A Ray le empezaba a gustar ese tipo estirado, de modales refinados y gustos exclusivos. Le parecía curiosamente cercano, de mirada limpia. Un hombre que además, parecía una caja de sorpresas. Lo había intentado, pero no le había cogido en ningún "renuncio". Todo lo que decía parecía ser verdad y cuadraba a la perfección, sin fisuras. Le gustaba la gente sincera, sin zonas oscuras. Prefería un exabrupto a un mohín. La gente que soltaba lo que pensaba a la que se lo callaba todo. Los valientes a los cobardes, en definitiva. Sin embargo, y a pesar de que Dawson encajaba casi a la perfección en su ideal de persona, sentía un pálpito en su interior que le decía que ocultaba algo. Intuía que un motivo o un misterioso propósito lo dominaba. Eso pensó cuando analizó cómo vivía. Durante sus años de jugador compulsivo había conocido a muchos tipos atormentados y sobre todo, a muchos desesperados que buscaban un imposible. Y todos ellos tenían un rasgo en común: estaban solos.
—¿Qué ha sido eso? —preguntó Ray, al escuchar la lejana detonación.
—No se preocupe. Esta es una zona minera. Estarán volando rocas —contestó Dawson, volviéndose a mirarle.
A continuación se escuchó un traqueteo lejano, que el ruidoso motor diesel del viejo Land Rover se empeñaba en ocultar. Grete dejó de acelerar y afinó el oído.
—Ak-47 —sentenció.
Dawson se colocó un diminuto auricular del que salía un pequeño cable en dirección a la boca, y luego manipuló un artefacto del tamaño de un paquete de tabaco que llevaba enganchado en su cinturón.
—Annika, ¿me escucha?
—Sí —se oyó a través del altavoz.
—Problemas.
—Ya, del calibre 7,62. Los hemos oído.
Los disparos cesaron de golpe. Entonces sonó una ráfaga solitaria, y de nuevo silencio. Al llegar al suave cambio de rasante vieron el humo.
Nadie decía nada.
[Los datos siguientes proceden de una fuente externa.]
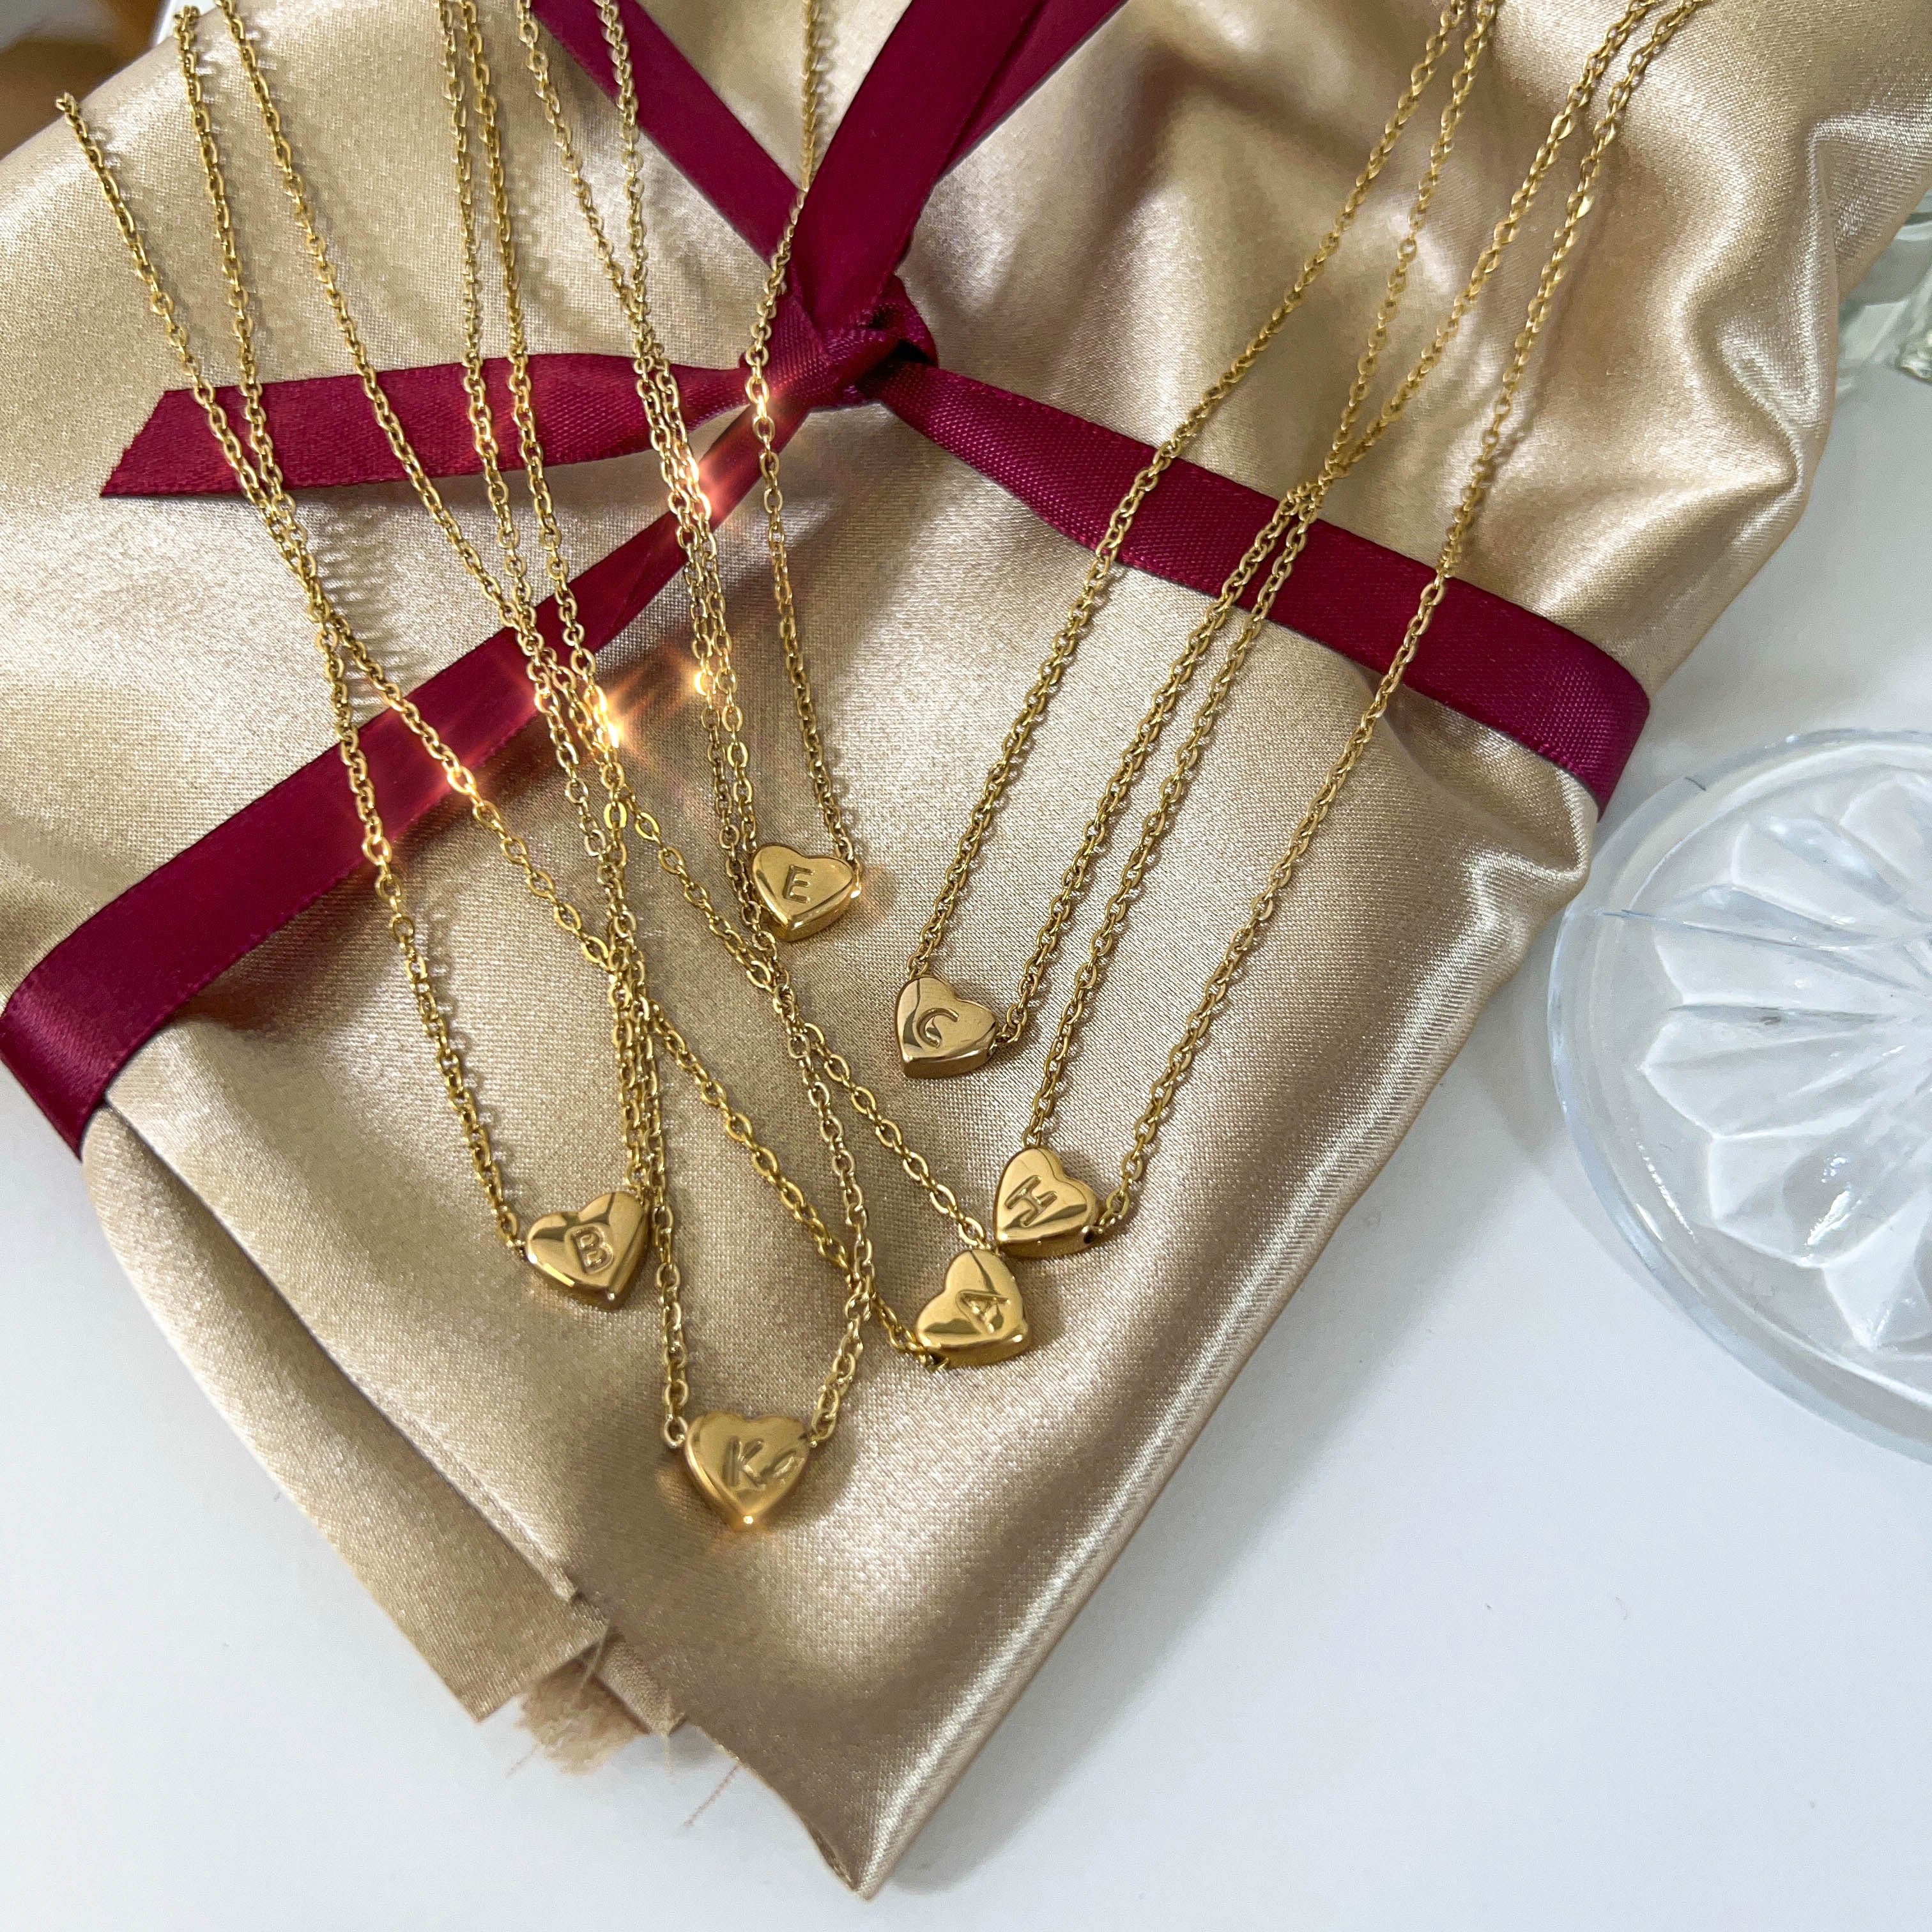 14K Gold Plated Letter Heart Pendant Necklace Choker gift holiday season birthday valentine anniversary wedding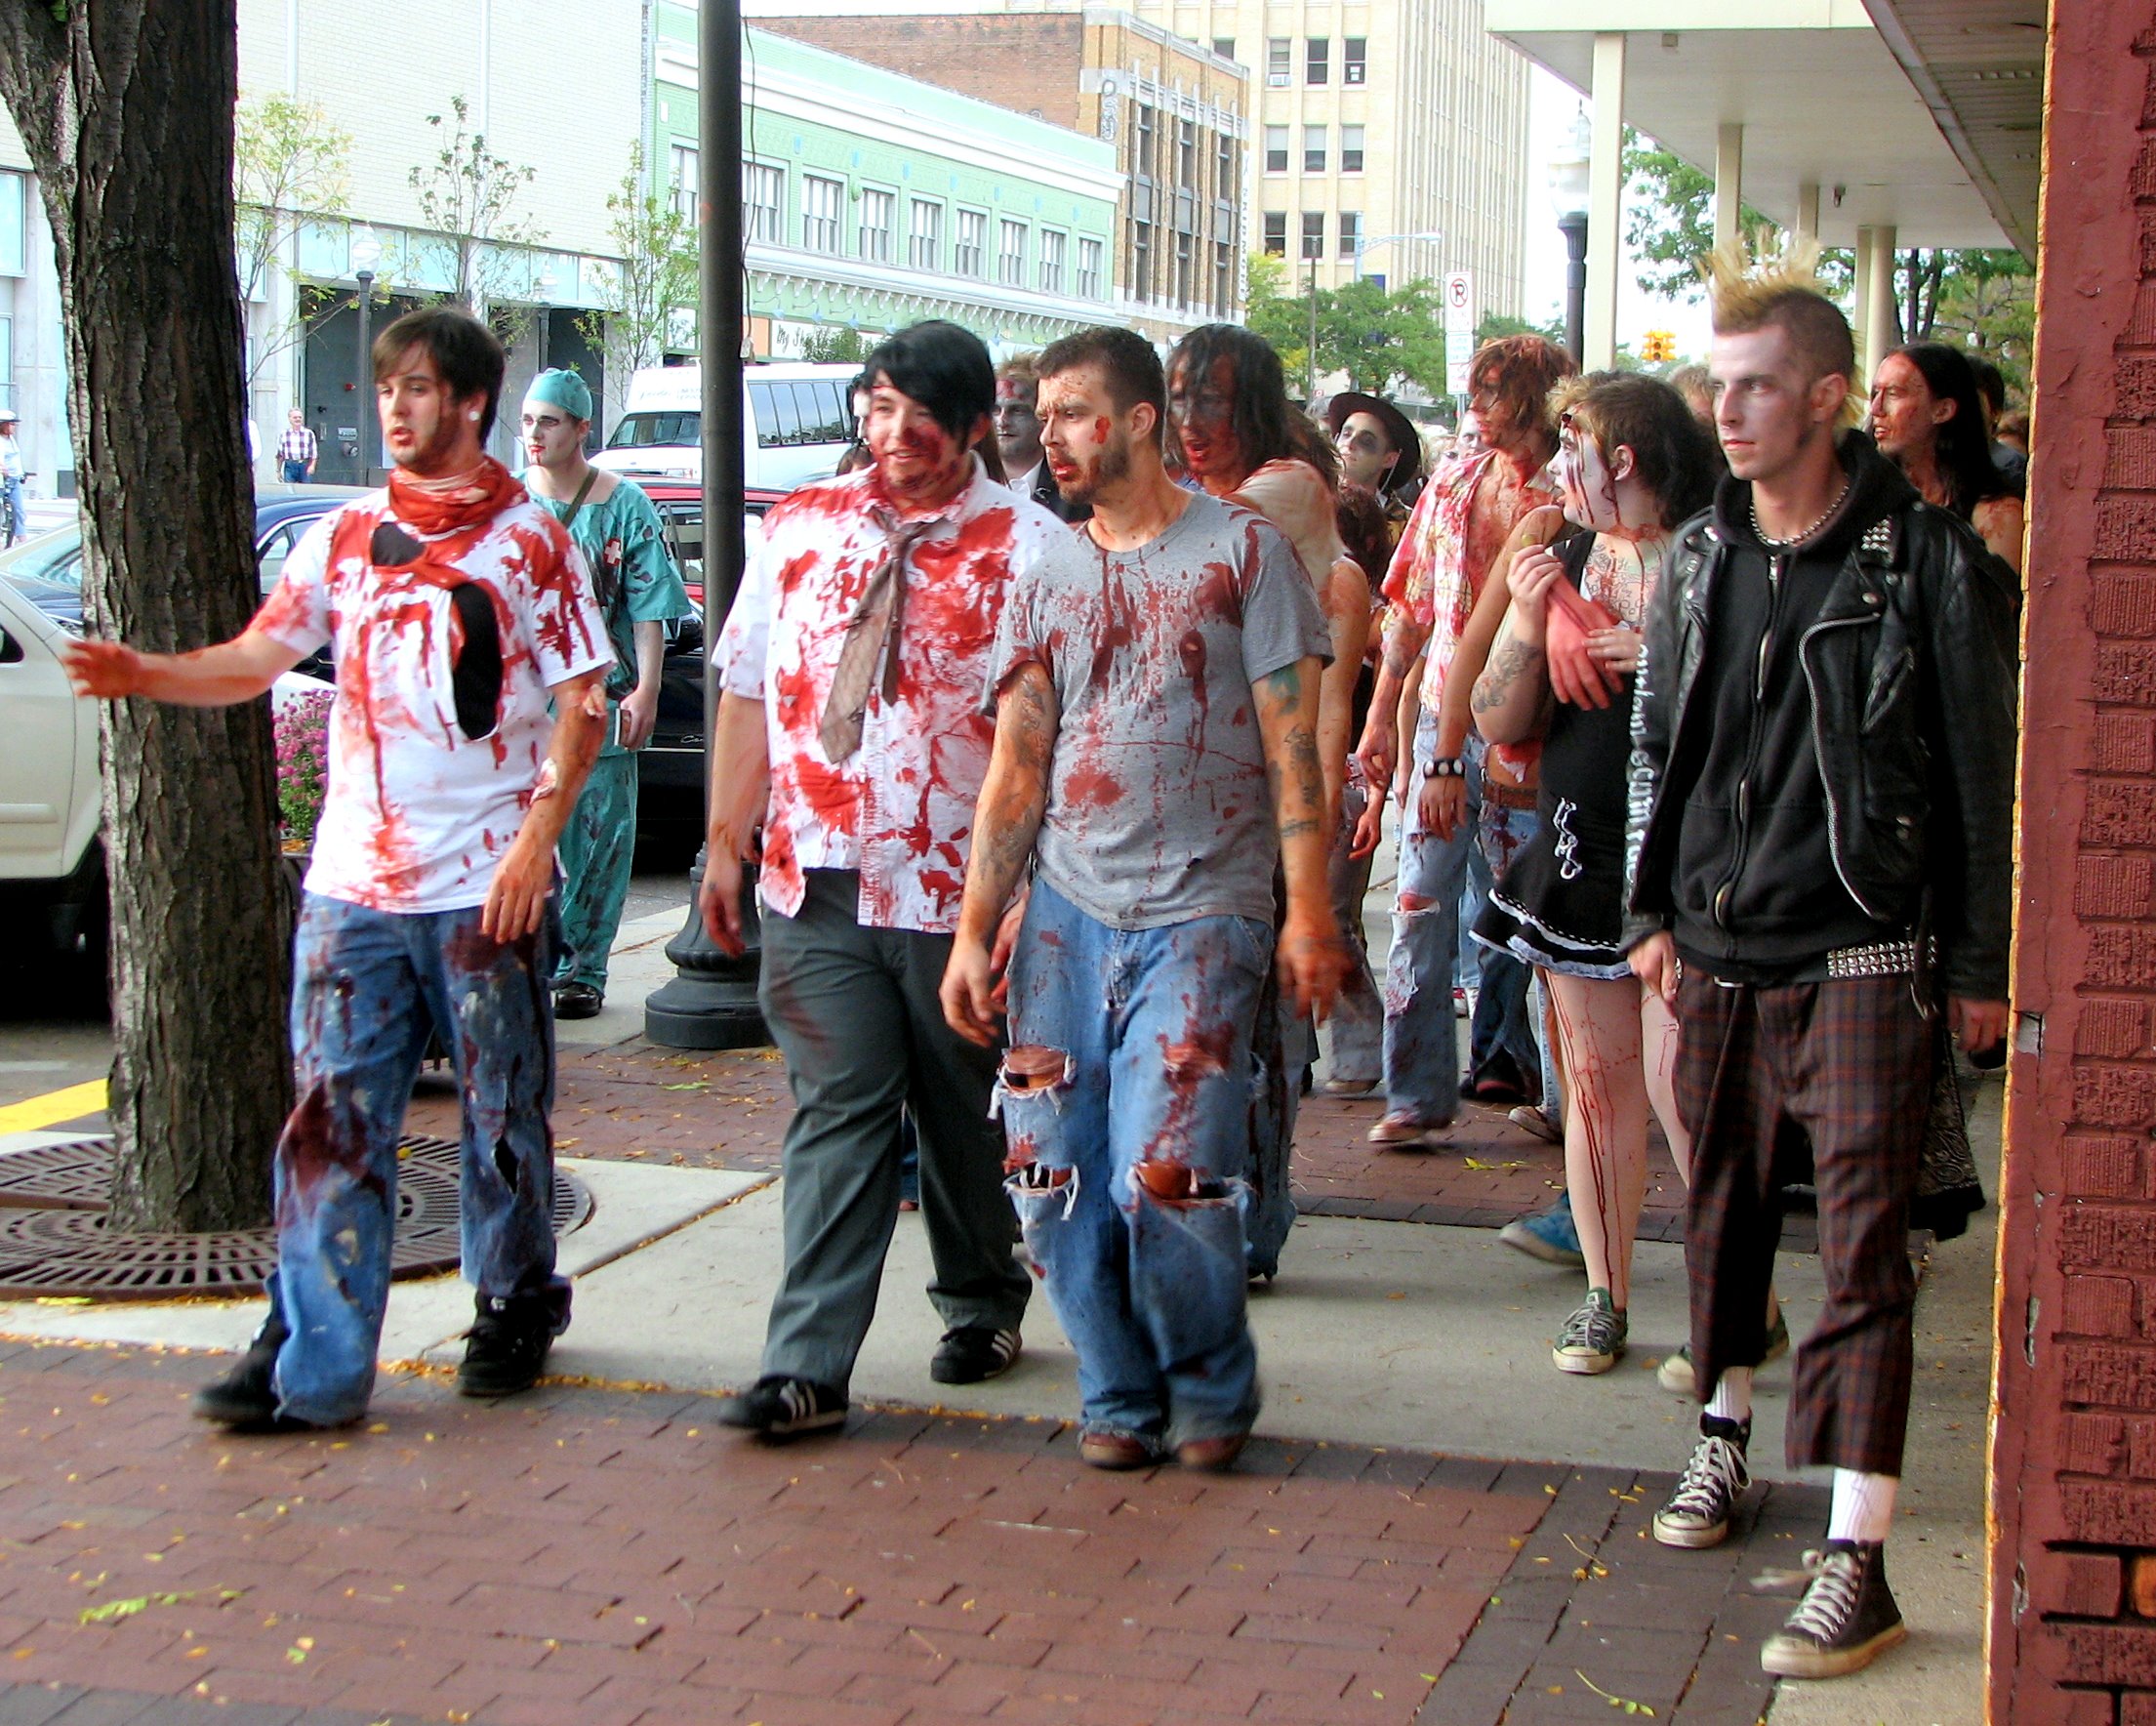 Zombie Horde Or Black Friday Mob?

Grete ralentizó la marcha, conduciendo muy atenta.
Por fin vieron lo que pasaba, y no pintaba nada bien.
—¿Un accidente? —comentó inquieto Ray.
—No lo creo —sentenció Dawson—. Atenta, Annika —añadió por la radio.
A unos doscientos metros lo vieron claro.
—¡Son nuestros coches! —exclamó Grete. Aminoró aún más la velocidad hasta detenerse a unos cincuenta metros.
Nadie se movió dentro de los vehículos. Ni siquiera intercambiaban palabra. Hasta que Sarah, cansada de asomarse desde el asiento de atrás, abrió la puerta del coche.
—Puede haber heridos, tenemos que ayudarles.
—Por favor, vuelva al coche de inmediato —imploró Annika, en un tono tan brusco y profesional que dejó a Sarah paralizada.
Volvió a entrar con el ánimo alterado. No le gustaba que le hablasen así, y hubiera contestado de no estar tan confundida, de no sentir ese hormigueo de miedo naciéndole en el estómago.
—Ellas saben lo que hacen, hija. Esperemos —intervino Víctor, desde el asiento trasero.
Peter se había despertado y miraba por las ventanillas sin parar, con los ojos a media asta.
—¿Qué pasa? ¿Por qué nos hemos parado?
—¡Chsss! —le mandó callar Annika, sin contemplaciones.
En el coche de delante también esperaban sin decir una palabra. Dawson buscaba algo en la guantera.
—¡Maldición! Los prismáticos están en el equipaje.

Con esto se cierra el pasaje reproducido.